Posted by Michael Wechner <mi...@wyona.com>.
Hi Matt

Thanks very much for your feedback!

According to your links I will try

Collection<BytesRef> terms =new ArrayList<BytesRef>();
terms.add(new BytesRef(classification1));
terms.add(new BytesRef(classification2));
Query filter =new TermInSetQuery(CLASSIFICATION_FIELD, terms);

query =new KnnVectorQuery(VECTOR_FIELD, queryVector, k, filter);

All the best

Michael



Am 31.08.22 um 20:24 schrieb Matt Davis:
> If I understand correctly, I believe you would want to use a TermInSetQuery
> query.  An example usage can be found here
> https://github.com/zuliaio/zuliasearch/blob/main/zulia-server/src/main/java/io/zulia/server/index/ZuliaIndex.java#L398.
>
>
> You can also check out the usage of KnnVectorQuery here:
> https://github.com/zuliaio/zuliasearch/blob/main/zulia-server/src/main/java/io/zulia/server/index/ZuliaIndex.java#L419
> noting that in this case the getPreFilter method a few lines below uses a
> BooleanQuery.Builder.
>
> As noted in TermsInSetQuery (
> https://github.com/apache/lucene/blob/main/lucene/core/src/java/org/apache/lucene/search/TermInSetQuery.java#L62)
> multiple terms could be represented as a boolean query with Occur.SHOULD.
>
> ~Matt
>
> On Wed, Aug 31, 2022 at 11:15 AM Michael Wechner<mi...@wyona.com>
> wrote:
>
>> Hi
>>
>> I am currently filtering a KnnVectorQuery as follows
>>
>> Query filter =new TermQuery(new Term(CLASSIFICATION_FIELD,
>> classification));
>> query =new KnnVectorQuery(VECTOR_FIELD, queryVector, k, filter);
>>
>> but it is not clear to me how I can filter for multiple terms.
>>
>> Should I subclass MultiTermQuery and use as filter, just as I use
>> TermQuery as filter above?
>>
>> Thanks
>>
>> Michael
>>

Re: How to filter KnnVectorQuery with multiple terms?

Posted by Matt Davis <kr...@gmail.com>.
If I understand correctly, I believe you would want to use a TermInSetQuery
query.  An example usage can be found here
https://github.com/zuliaio/zuliasearch/blob/main/zulia-server/src/main/java/io/zulia/server/index/ZuliaIndex.java#L398.

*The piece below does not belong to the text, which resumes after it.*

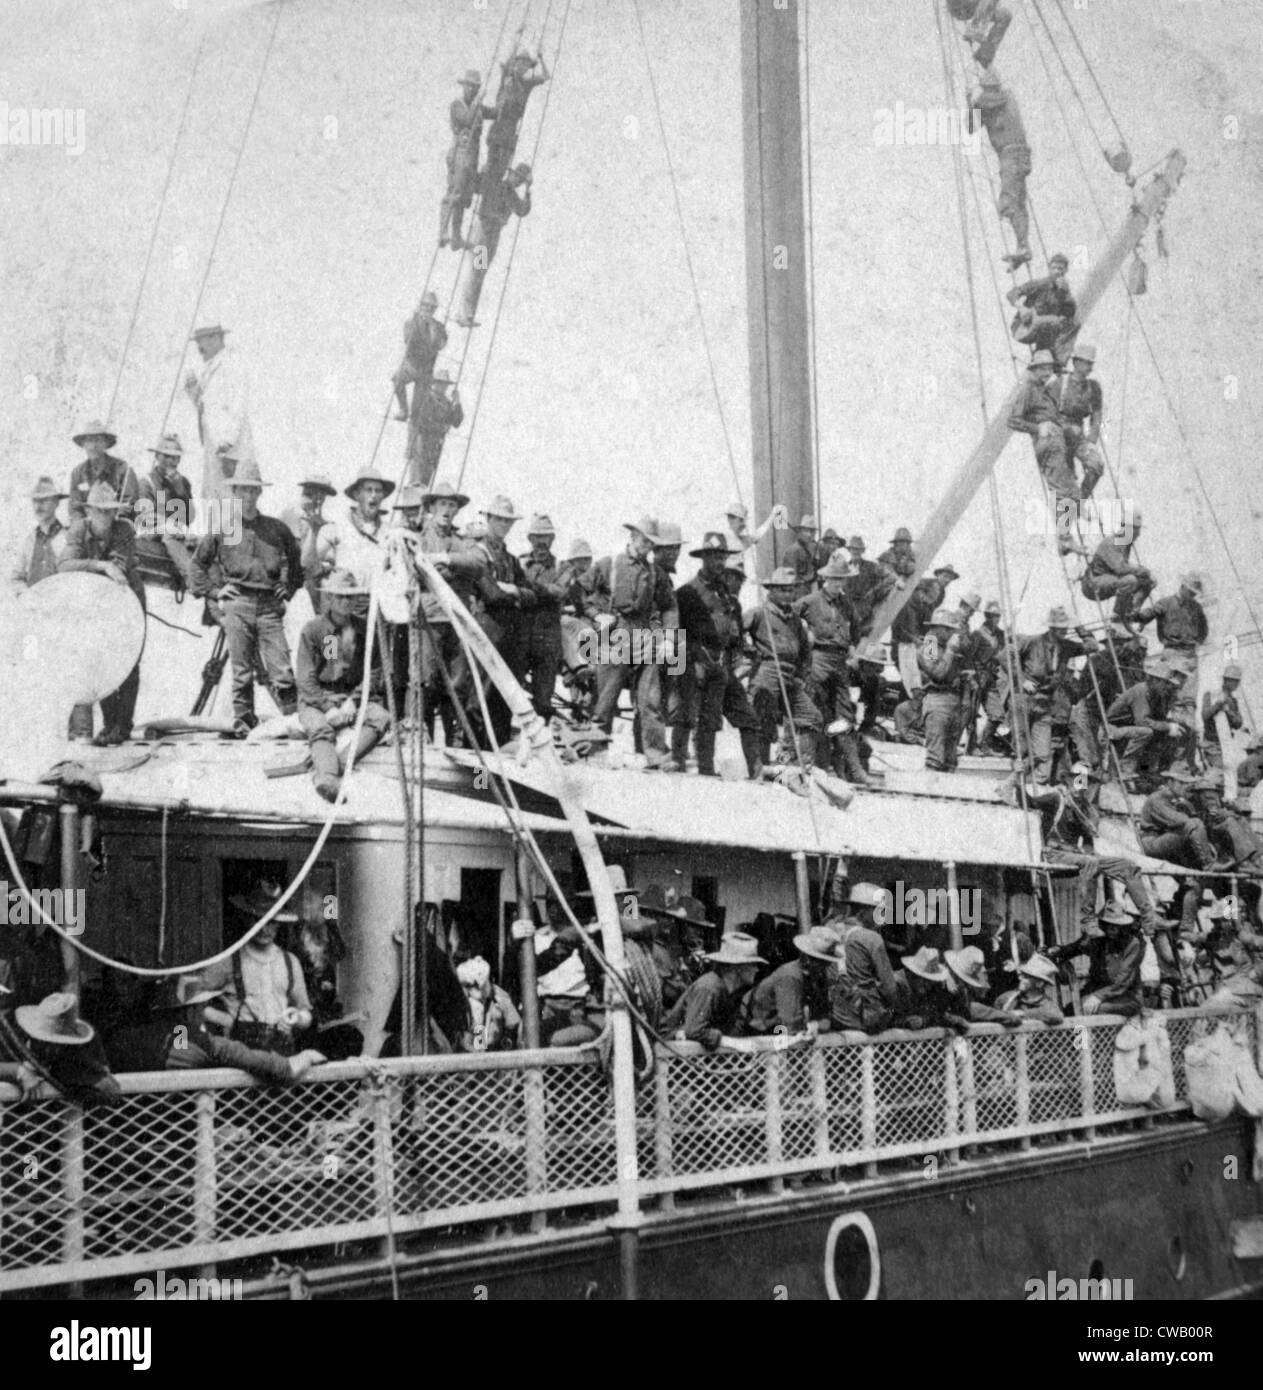 La guerre hispano-américaine (avril-août 1898), le Yucatan transportant les Rough Riders de Roosevelt à Cuba, 1898. Stéréo de l'albumen Banque D'Images

You can also check out the usage of KnnVectorQuery here:
https://github.com/zuliaio/zuliasearch/blob/main/zulia-server/src/main/java/io/zulia/server/index/ZuliaIndex.java#L419
noting that in this case the getPreFilter method a few lines below uses a
BooleanQuery.Builder.

As noted in TermsInSetQuery (
https://github.com/apache/lucene/blob/main/lucene/core/src/java/org/apache/lucene/search/TermInSetQuery.java#L62)
multiple terms could be represented as a boolean query with Occur.SHOULD.

~Matt

On Wed, Aug 31, 2022 at 11:15 AM Michael Wechner <mi...@wyona.com>
wrote:

> Hi
>
> I am currently filtering a KnnVectorQuery as follows
>
> Query filter =new TermQuery(new Term(CLASSIFICATION_FIELD,
> classification));
> query =new KnnVectorQuery(VECTOR_FIELD, queryVector, k, filter);
>
> but it is not clear to me how I can filter for multiple terms.
>
> Should I subclass MultiTermQuery and use as filter, just as I use
> TermQuery as filter above?
>
> Thanks
>
> Michael
>